→ DATA EXTRACT
----

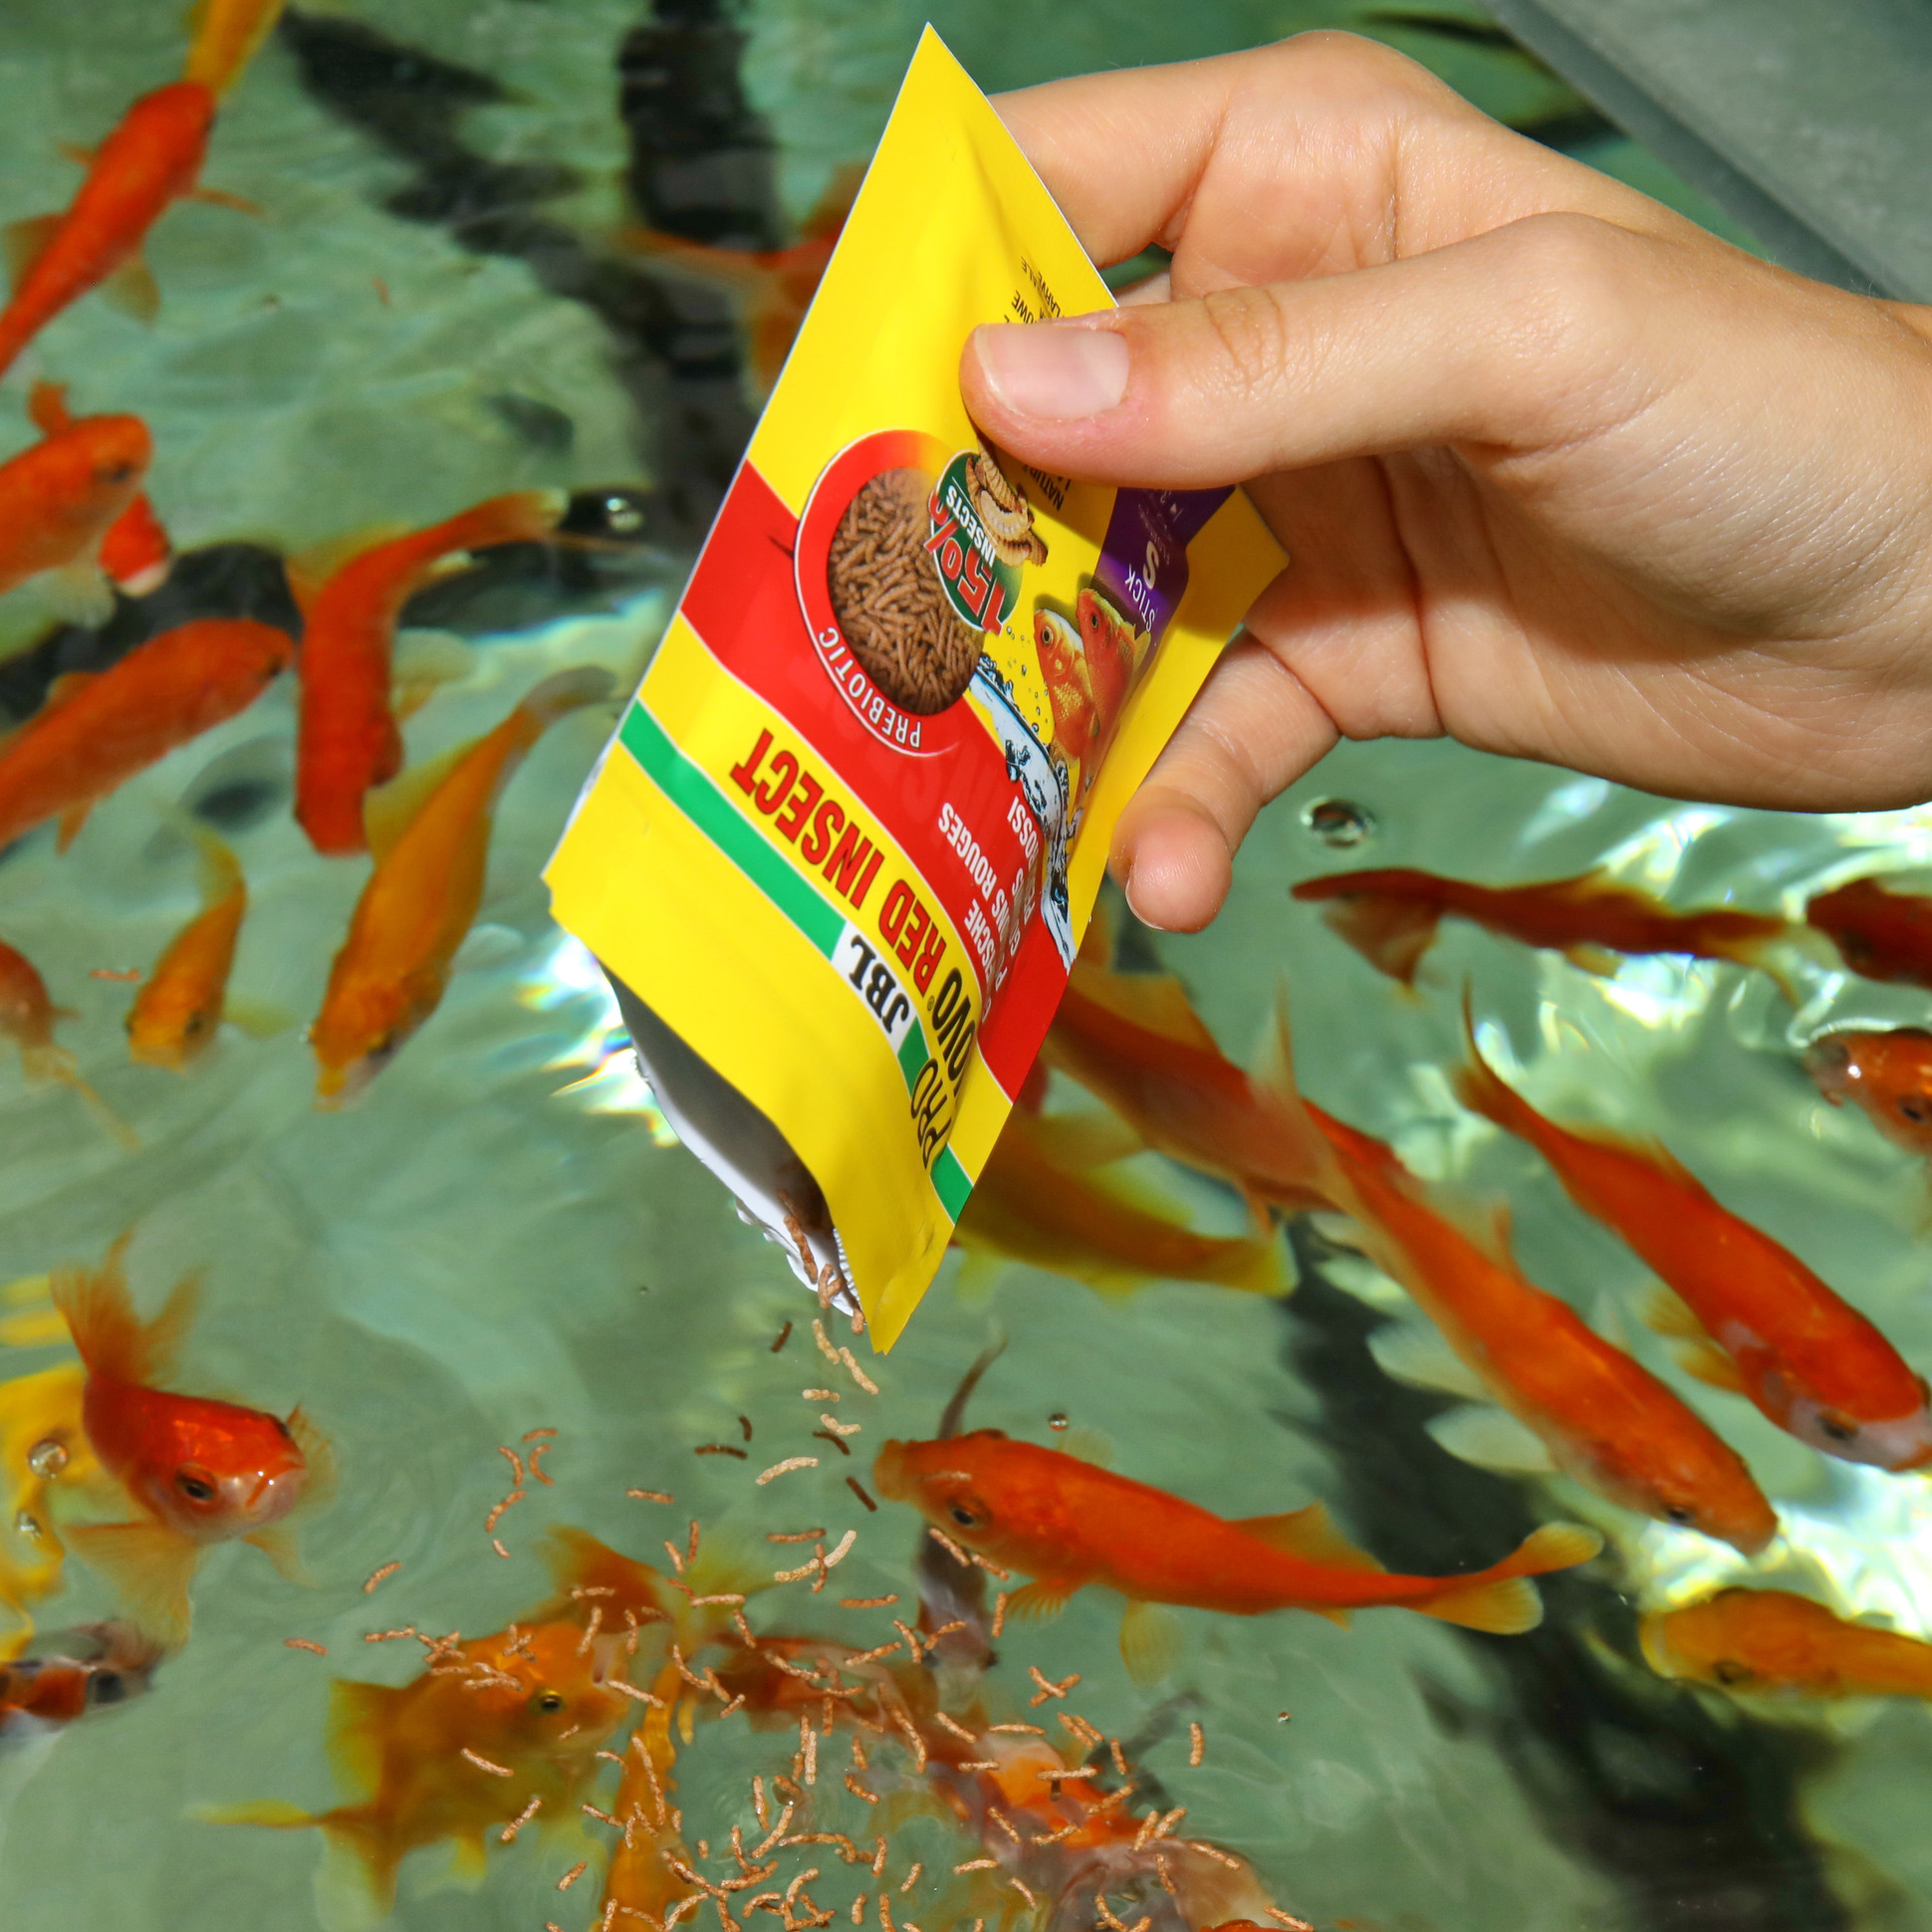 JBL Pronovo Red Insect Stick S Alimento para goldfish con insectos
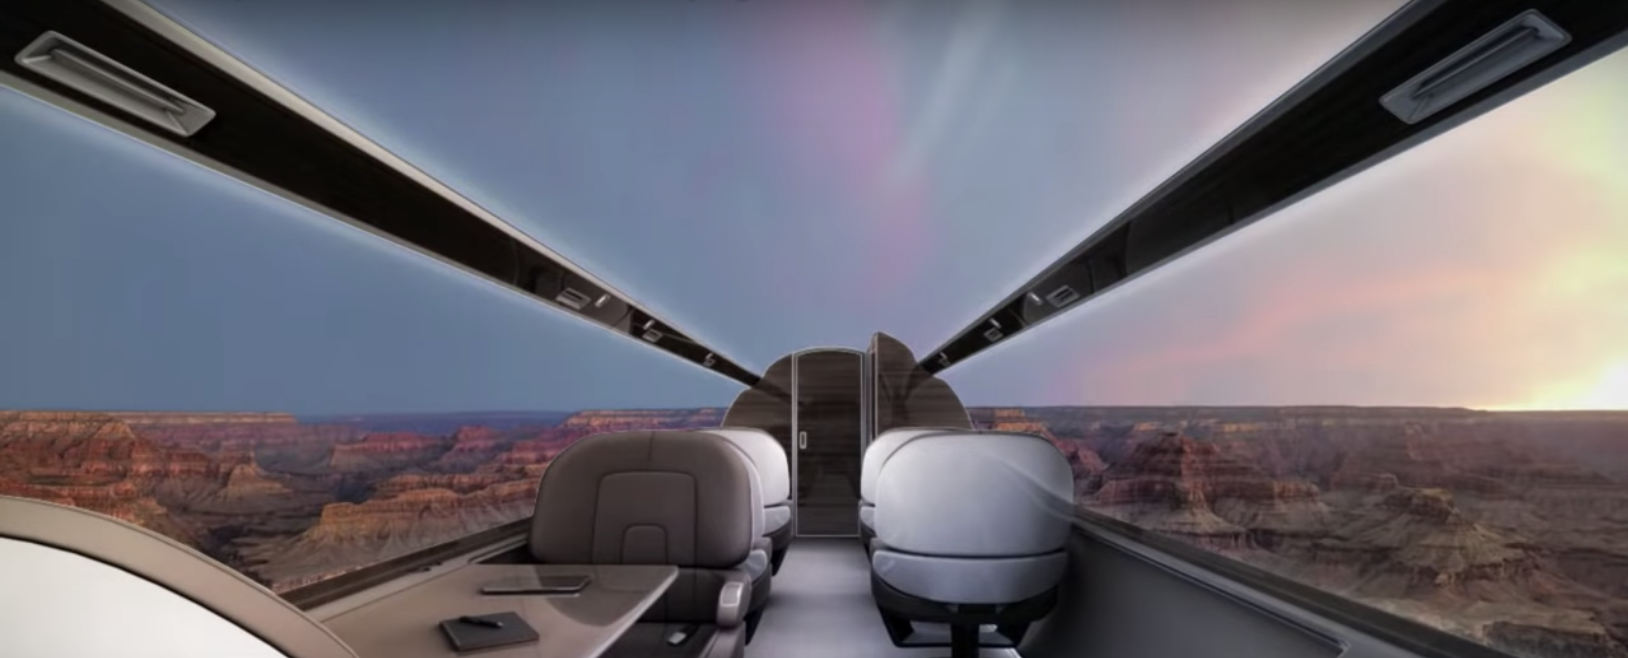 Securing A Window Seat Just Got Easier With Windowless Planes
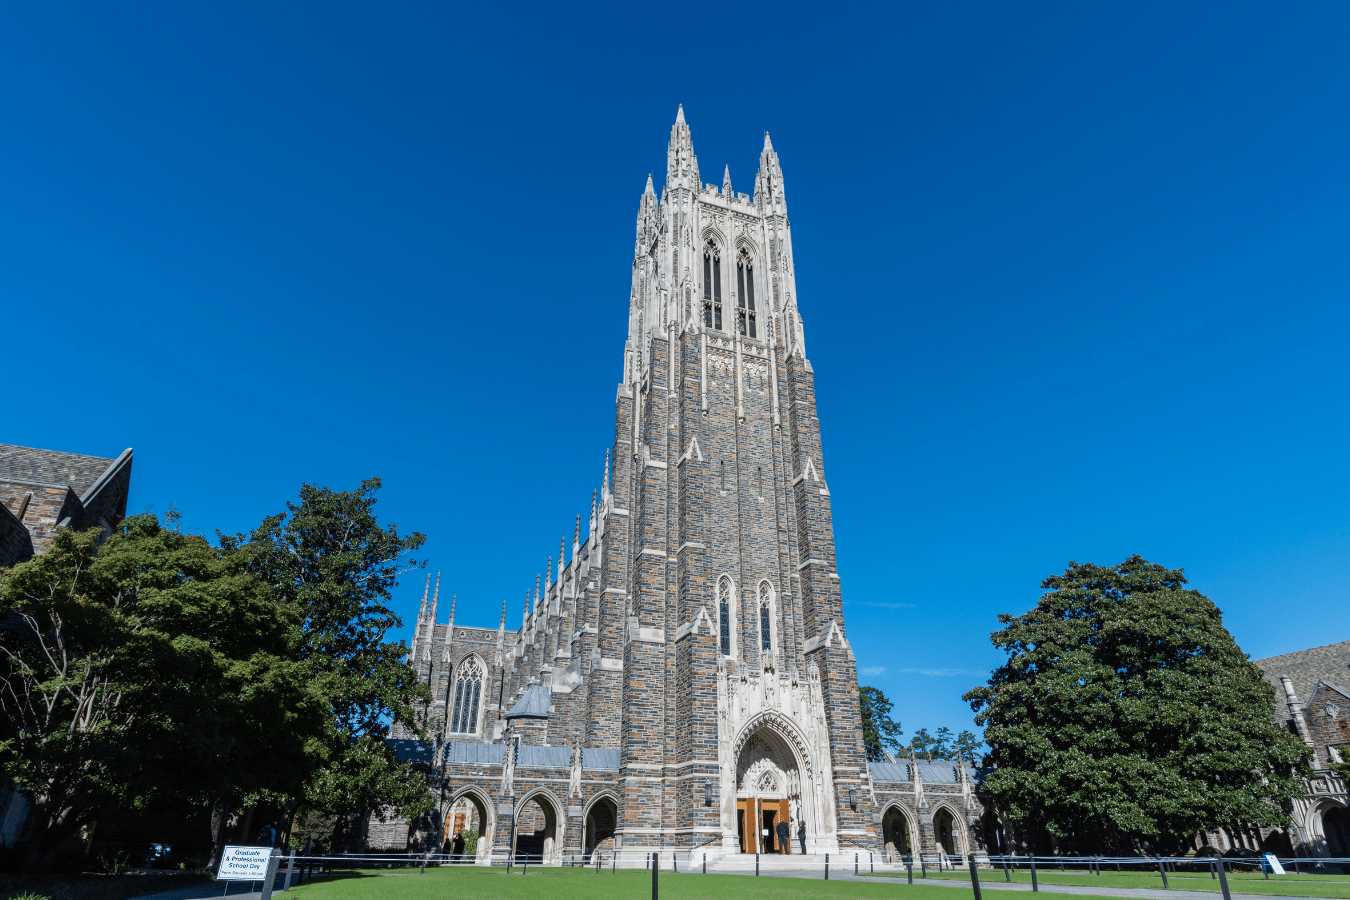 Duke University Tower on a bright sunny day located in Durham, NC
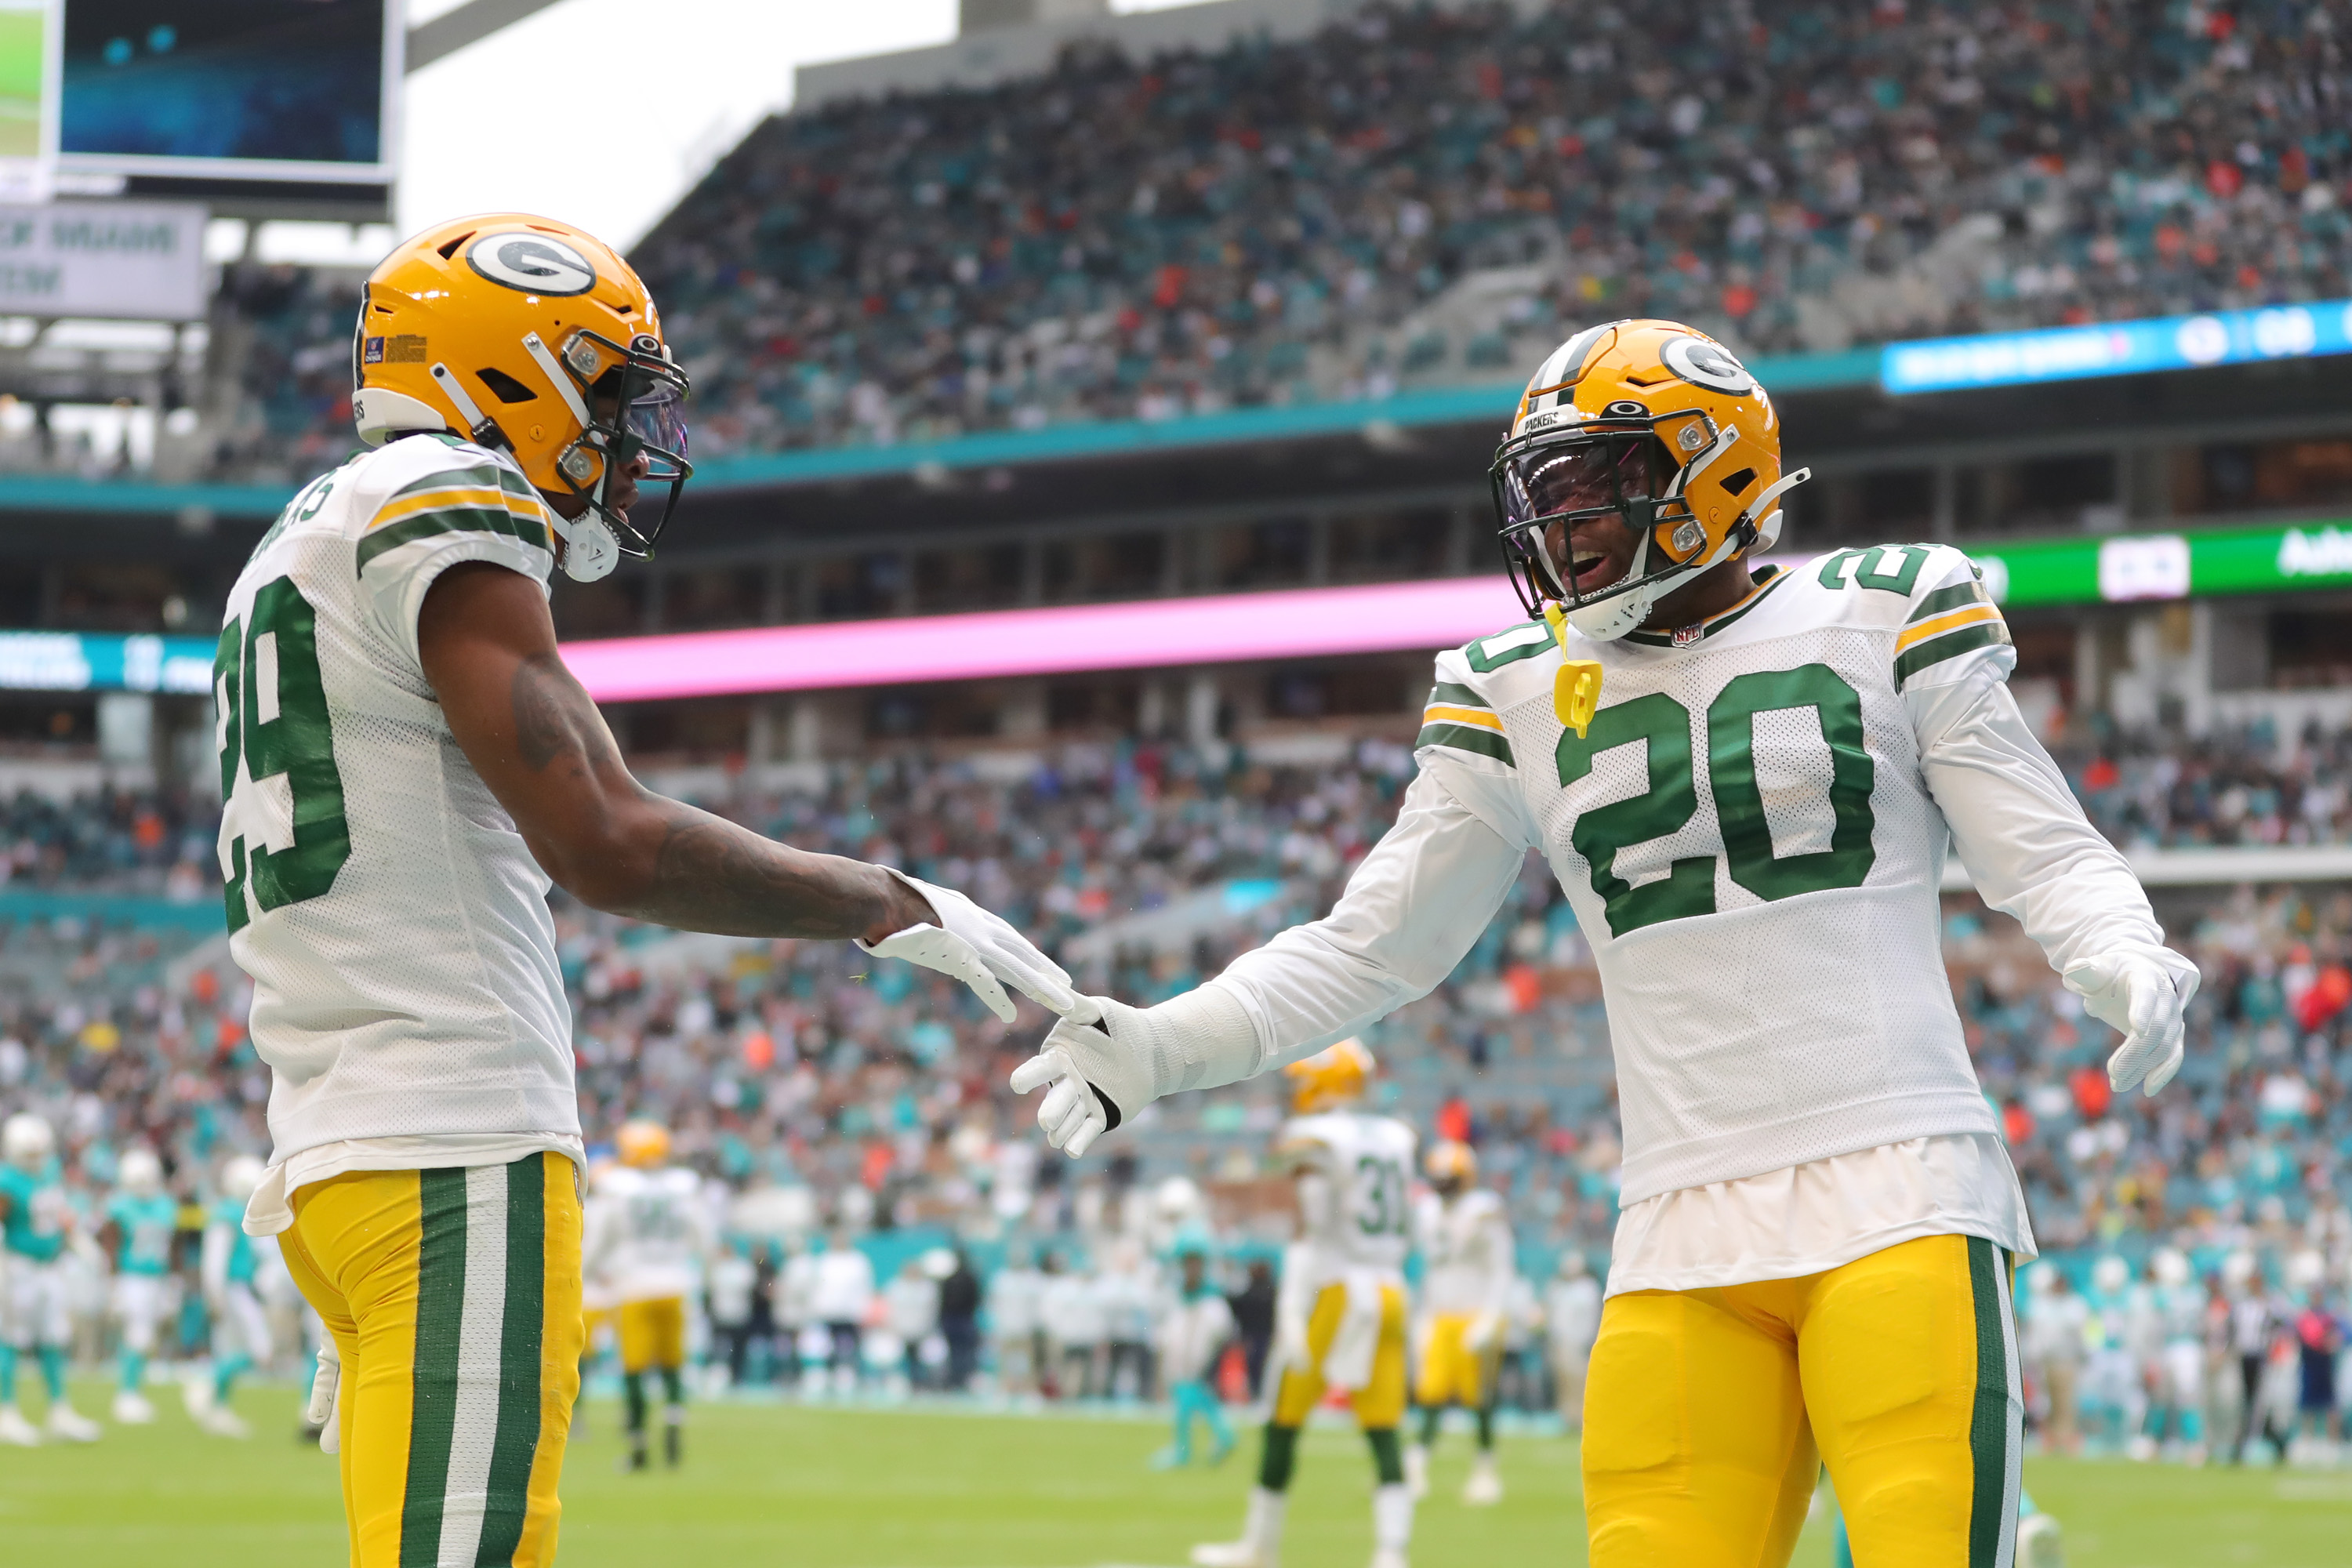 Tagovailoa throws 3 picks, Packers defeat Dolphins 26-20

----

→ WHAT IS NEEDED
From the line containing "Duke University Tower" through the last line of the listing, inclusive, transcribe every line exactly and nothing else; the pictures stay out.

→ TASK OUTPUT
 Duke University Tower on a bright sunny day located in Durham, NC
 Tagovailoa throws 3 picks, Packers defeat Dolphins 26-20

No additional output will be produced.